We need to be able to measure the leakage inductance of our SMPS flyback transformers..however, we do not have an LCR meter accurate enough to do this. (all we have is an LCR40 meter by peakelec.co.uk)

Therefore, we wish to measure leakage inductance by the “resonance method” (as in the below schematic and LTspice simulation)

Method of measurement:
We will simply short out the secondary in the usual manner when measuring leakage inductance, and then add a capacitor in parallel with the primary, then we have an LC tank circuit, and we will switch some current into it, and then switch the switch off, and it will then ring at the LC resonant frequency, …from this frequency, we will calculate the leakage inductance……do you think this is accurate enough?….we will observe the ringing on our TDS1002 scope.

We will trust the LCR40 to be able to measure the 100nF capacitance very accurately, since cheap LCR meters always measure capacitance far more accurately than inductance, do you agree?

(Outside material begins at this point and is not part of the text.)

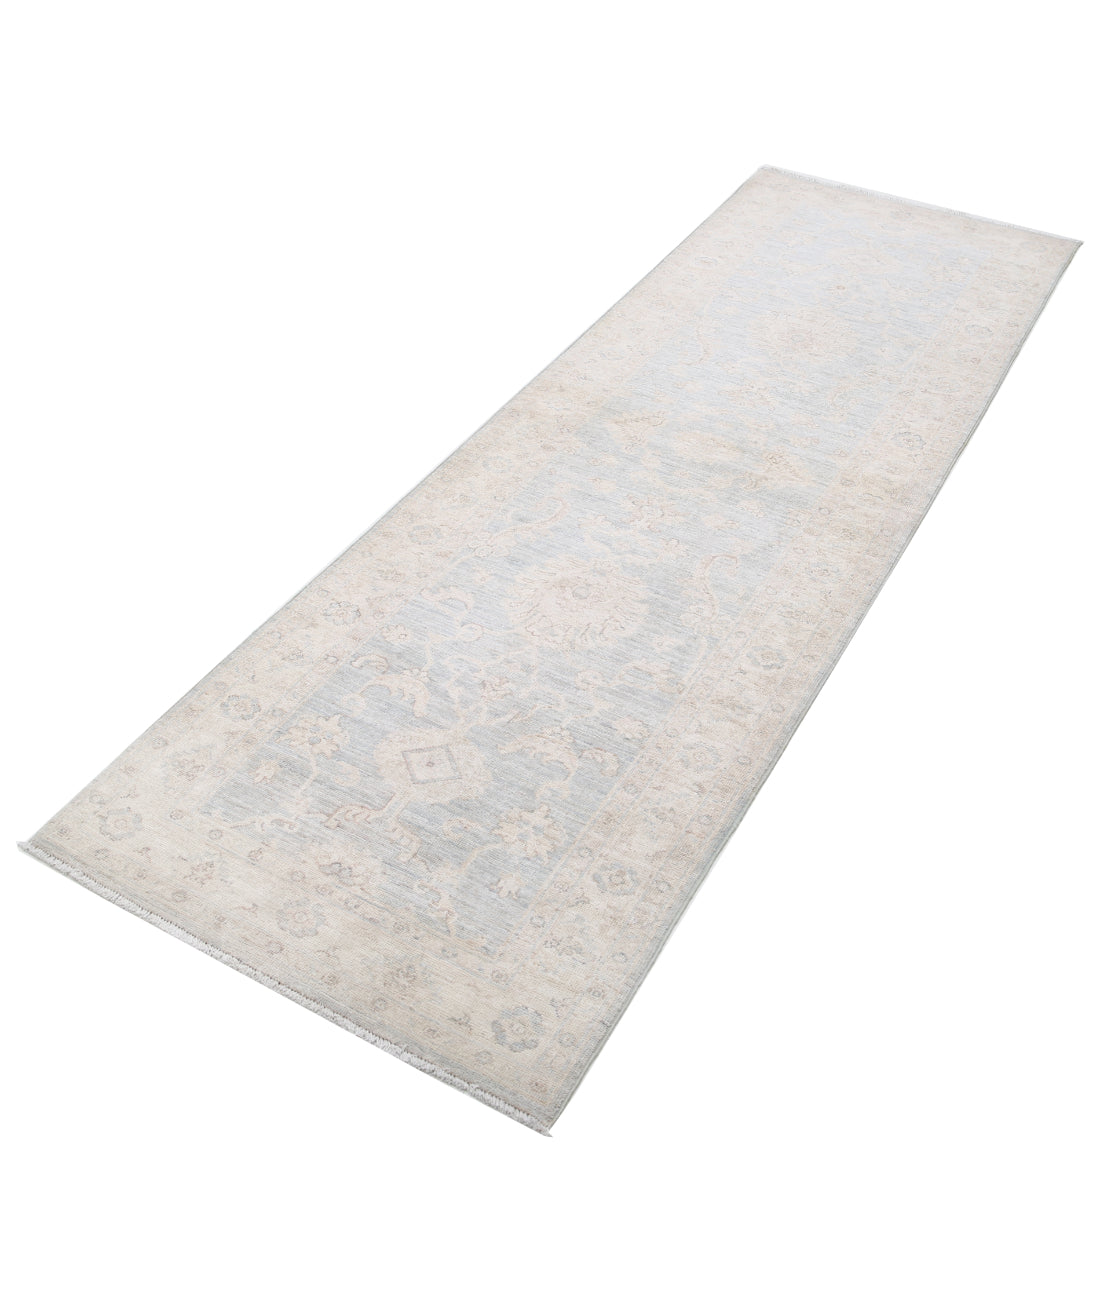 Hand Knotted Serenity Wool Rug - 2'8'' x 6'3'' 2'8'' x 6'3'' (80 X 188) / Grey / Ivory

Is our measurement method accurate?

TDS1002 scope
https://courses.washington.edu/phys33...UserManual.pdf

LCR40 LCR meter:
https://www.farnell.com/datasheets/1692006.pdf

(also-does leakage inductance measure higher or lower when the measurement frequency is higher?)
 
I have a low cost LC meter that makes a oscillator by using a unknown (L or C) and a known (C or L). It then measures the resonant frequency and does the math to find the unknown value. I can measure the inductance of 1" of wire with this $100.00 meter. The schematic is in the internet and probably this forum.
 
Thanks, i suspect your idea is along the same lines as mine above....and I think even very cheap LCR meters measure capacitance accurately, even low values like 10nF.....so we can use the resonance method to get the value of L accurately, even if L is small, like 1uH?